FAT32 partision > 32GB
Constantine Evans
constantine at evanslabs.org
Mon Dec 25 09:42:26 UTC 2006
Ben Edwards wrote:
> Thanks, I think that is it.
>
> Also what are the drawbacks of fat32 apart from performance. Am I
> correct there are issues with long filenames (seem to remember
> something about this).
>
> Ben
There are a variety of major drawbacks to using fat32. From Wikipedia's
"Comparison of filesystems":
* One cannot have files larger than 4 GiB. This is probably the largest
drawback. With proper settings, ext3 can have files up to 2TiB in size.
* There is no journaling support. This is very important for an external
hard drive which might be accidentally disconnected.
* Permissions are essentially nonexistent.
* There is no support for sparse files, hard links, soft links, and so on.
I would highly suggest that you consider using ext3 instead of fat32,
especially for an external hard drive.
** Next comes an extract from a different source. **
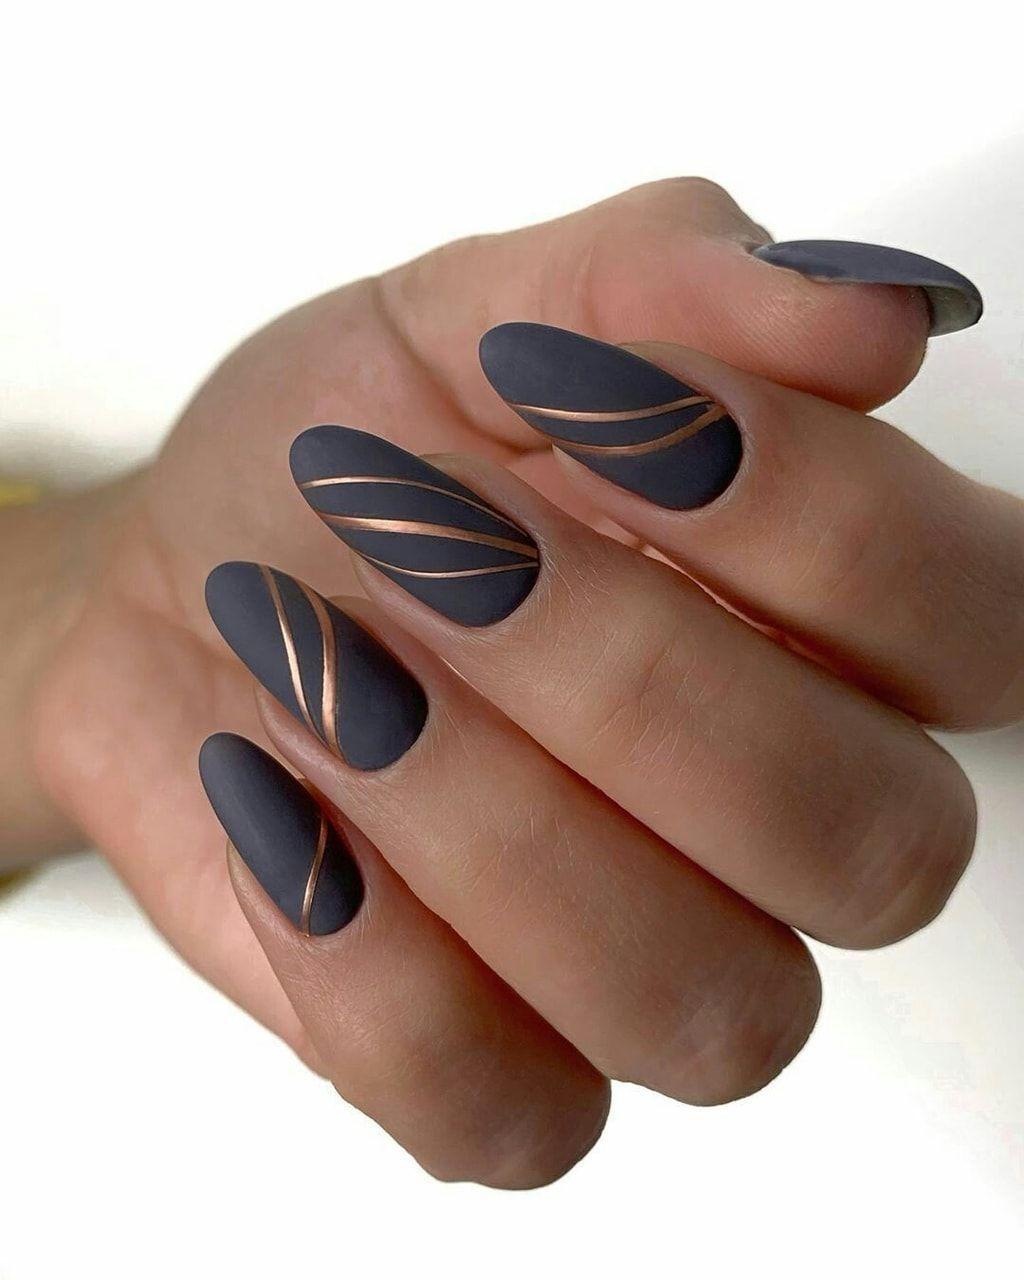 45 Classy Spring Nail Color Designs For Your Exceptional Style In 2020 Zelene Nehty Gelove Nehty Design Nehtu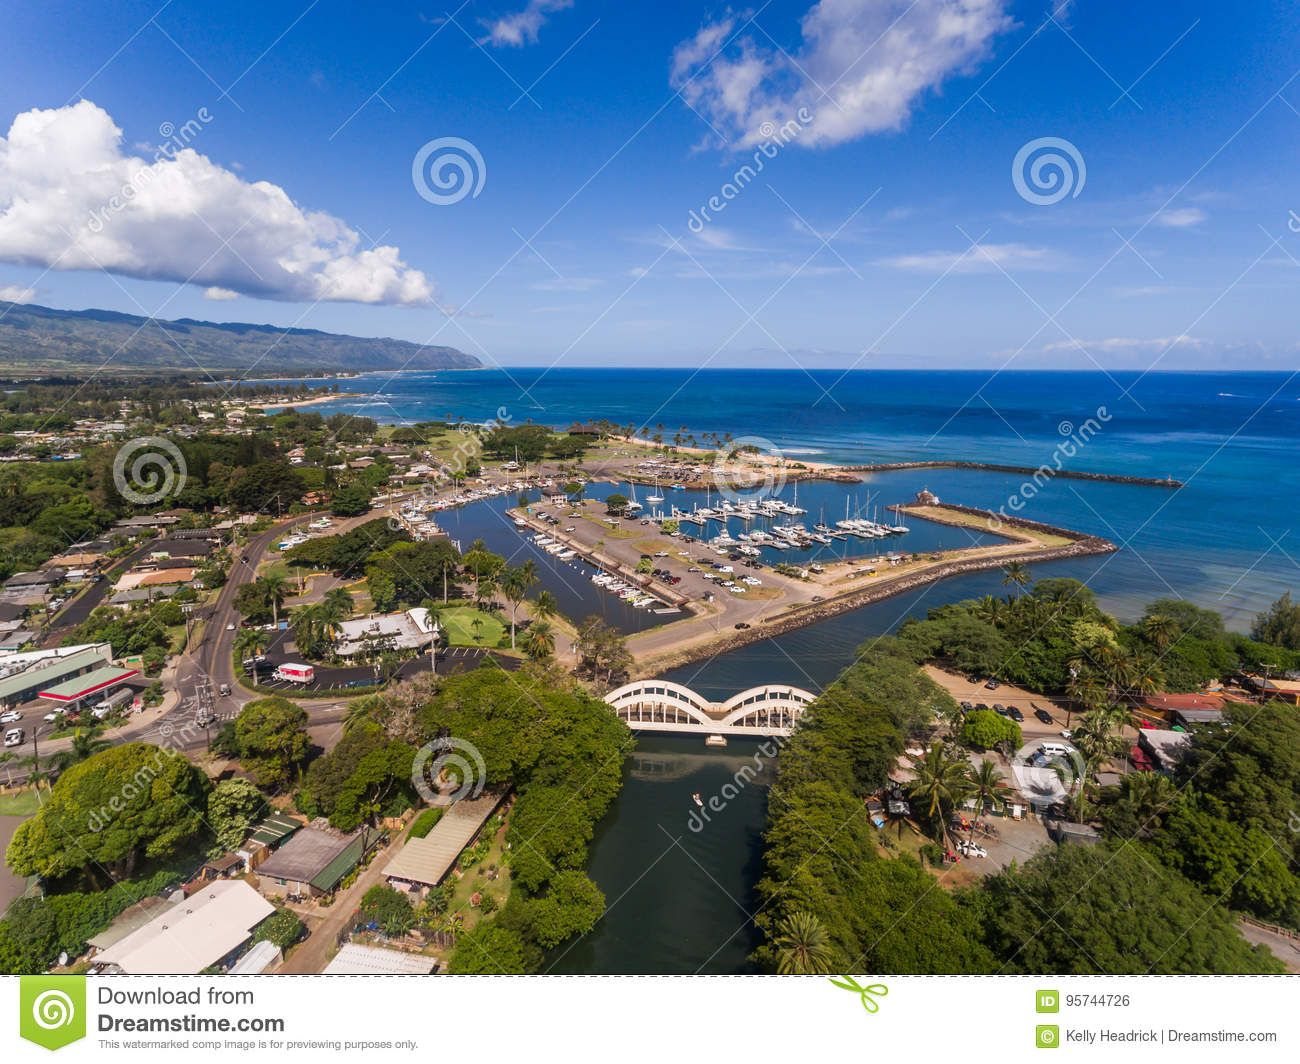 Name:  aerial-view-haleiwa-town-harbor-small-boat-anahulu-river-bridge-95744726.jpg Views: 869 Size:  241.9 KB

The lack of journaling in FAT32
means that it is very easy to corrupt the filesystem and lose data if
the device is accidentally disconnected, or if there is a power outage,
or even if the system crashes. Furthermore, especially on a large
external drive, it is quite possible that you will want to have files
larger than 4 GiB.
There is an excellent driver for ext2 in Windows which also works with
ext3 at www.fs-driver.org, and I have used it extensively with
reasonable results (it has a tendency to cause fsck to be run on ext3
partitions occasionally[1]).
If you really must use a filesystem supported by a default Windows
installation without the ext2 driver, then use NTFS. It has journaling,
large file support, and reasonable, if experimental, support in Linux
with ntfs-3g.
Sincerely,
Constantine Evans
[1] I think this is due to it mounting the fs as ext2, and thus
incrementing the mount count, which eventually triggers fsck. I remember
dreading the periodic checks in the old days of Linux, since they seemed
to take so terribly long at the time, much longer than now.